Work required
Please output exactly the lines below, starting at the line that has "Vampire Sovereign Election" and ending at the line that has "Some people with", both included; leave out all pictures and include nothing else.

Provided information
★ ★ ★ ★ ★ ★ ★

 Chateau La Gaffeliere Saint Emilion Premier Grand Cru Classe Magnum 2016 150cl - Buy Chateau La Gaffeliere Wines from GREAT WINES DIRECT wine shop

★ ★ ★ ★ ★ ★ ★

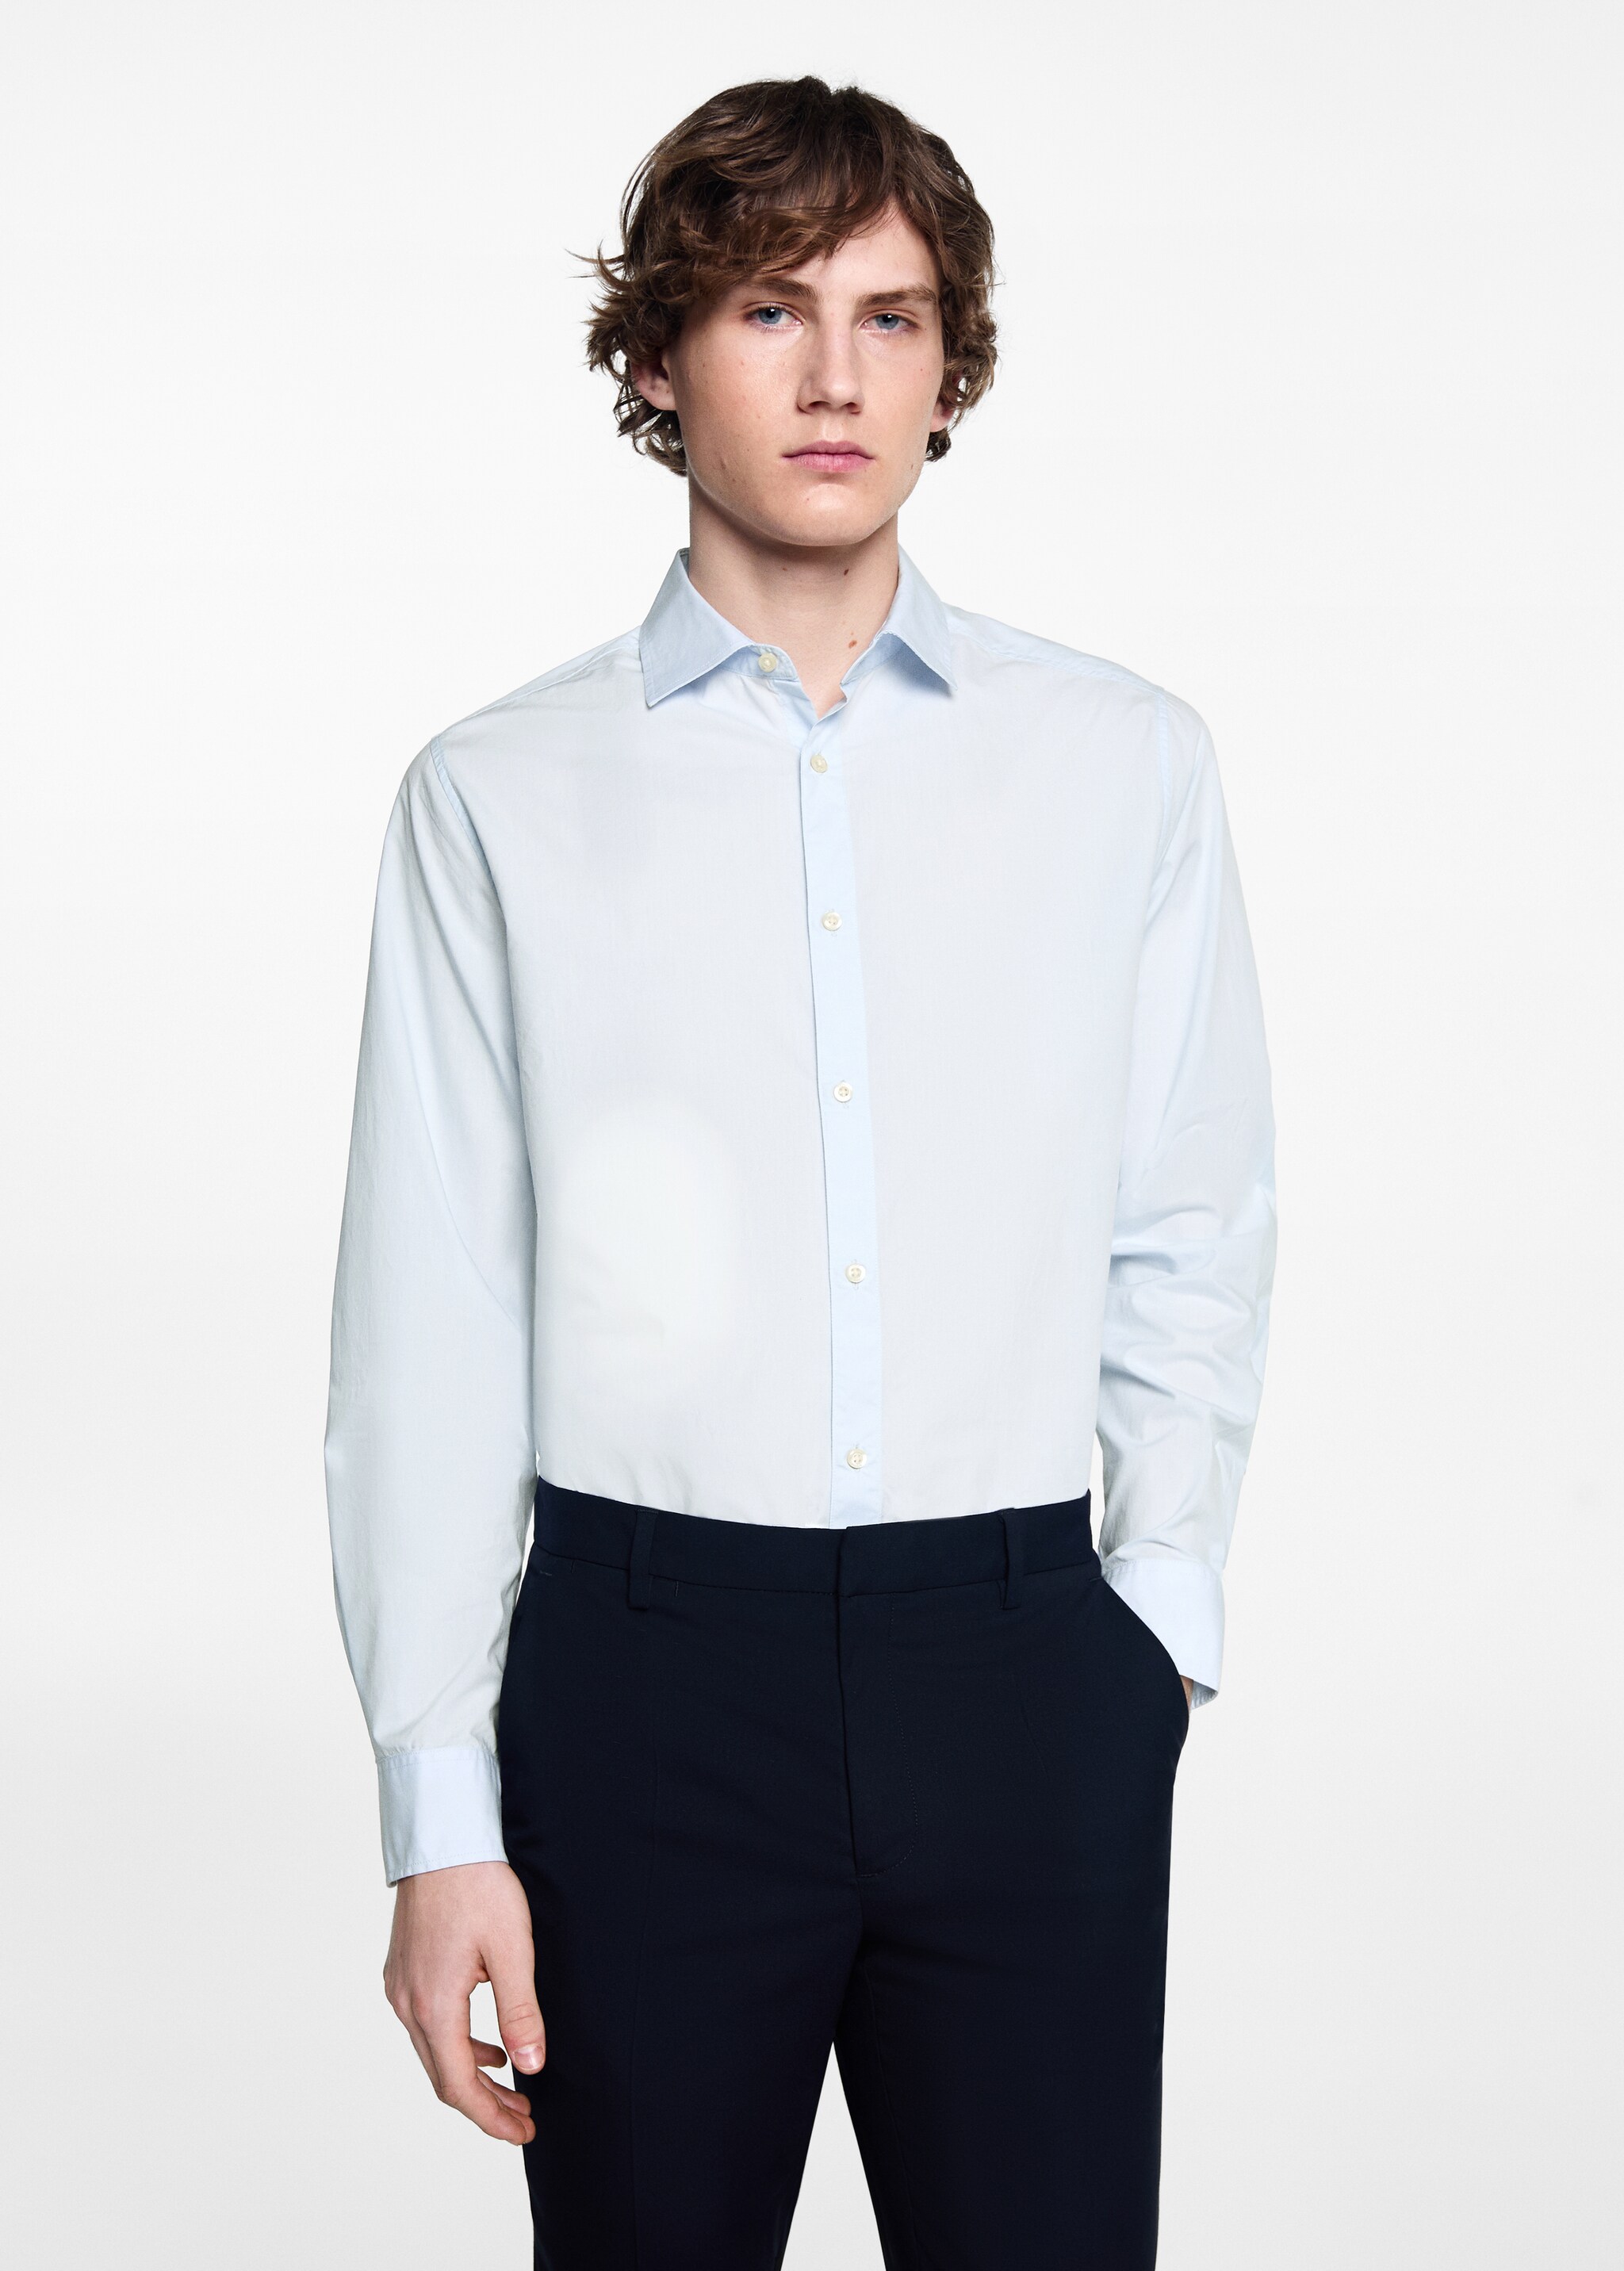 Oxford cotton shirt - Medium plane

★ ★ ★ ★ ★ ★ ★

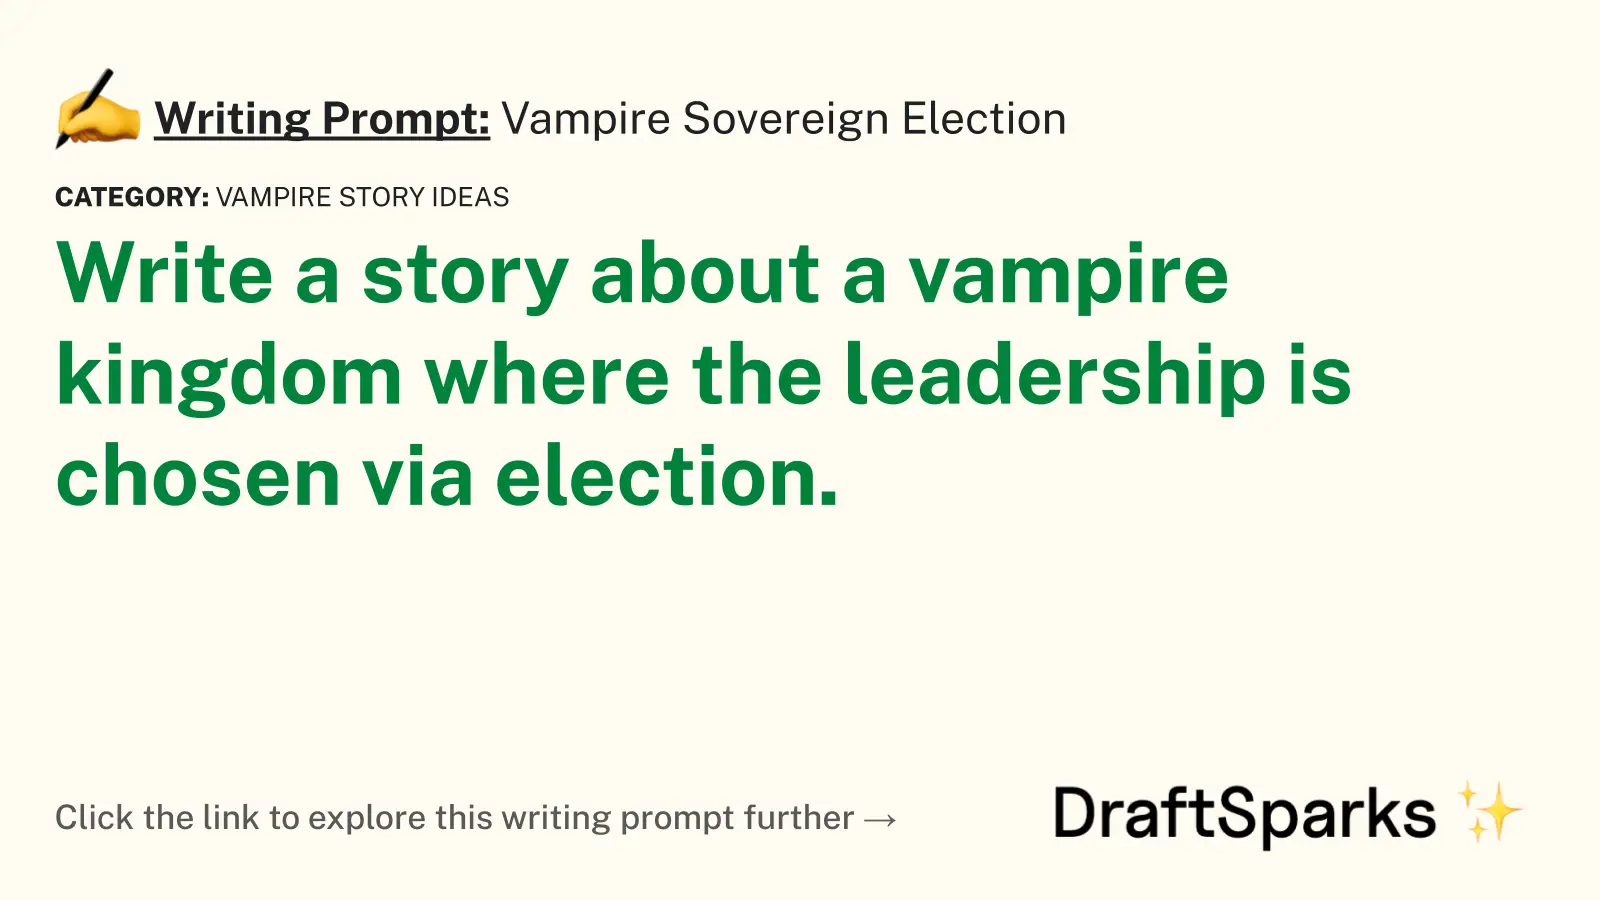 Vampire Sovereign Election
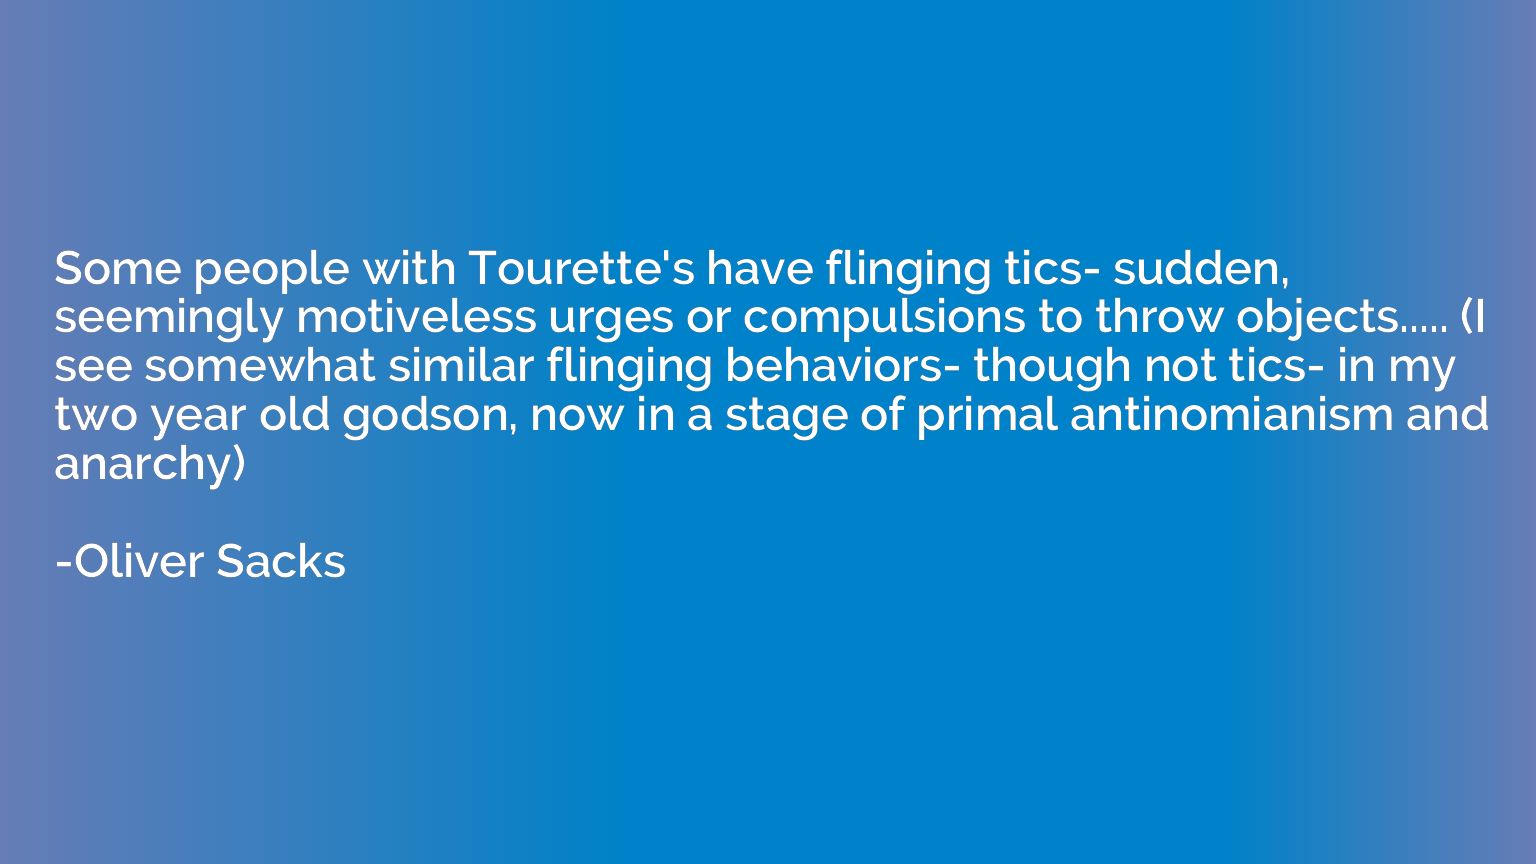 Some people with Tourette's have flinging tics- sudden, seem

★ ★ ★ ★ ★ ★ ★

Your solution
 Vampire Sovereign Election
 Some people with Tourette's have flinging tics- sudden, seem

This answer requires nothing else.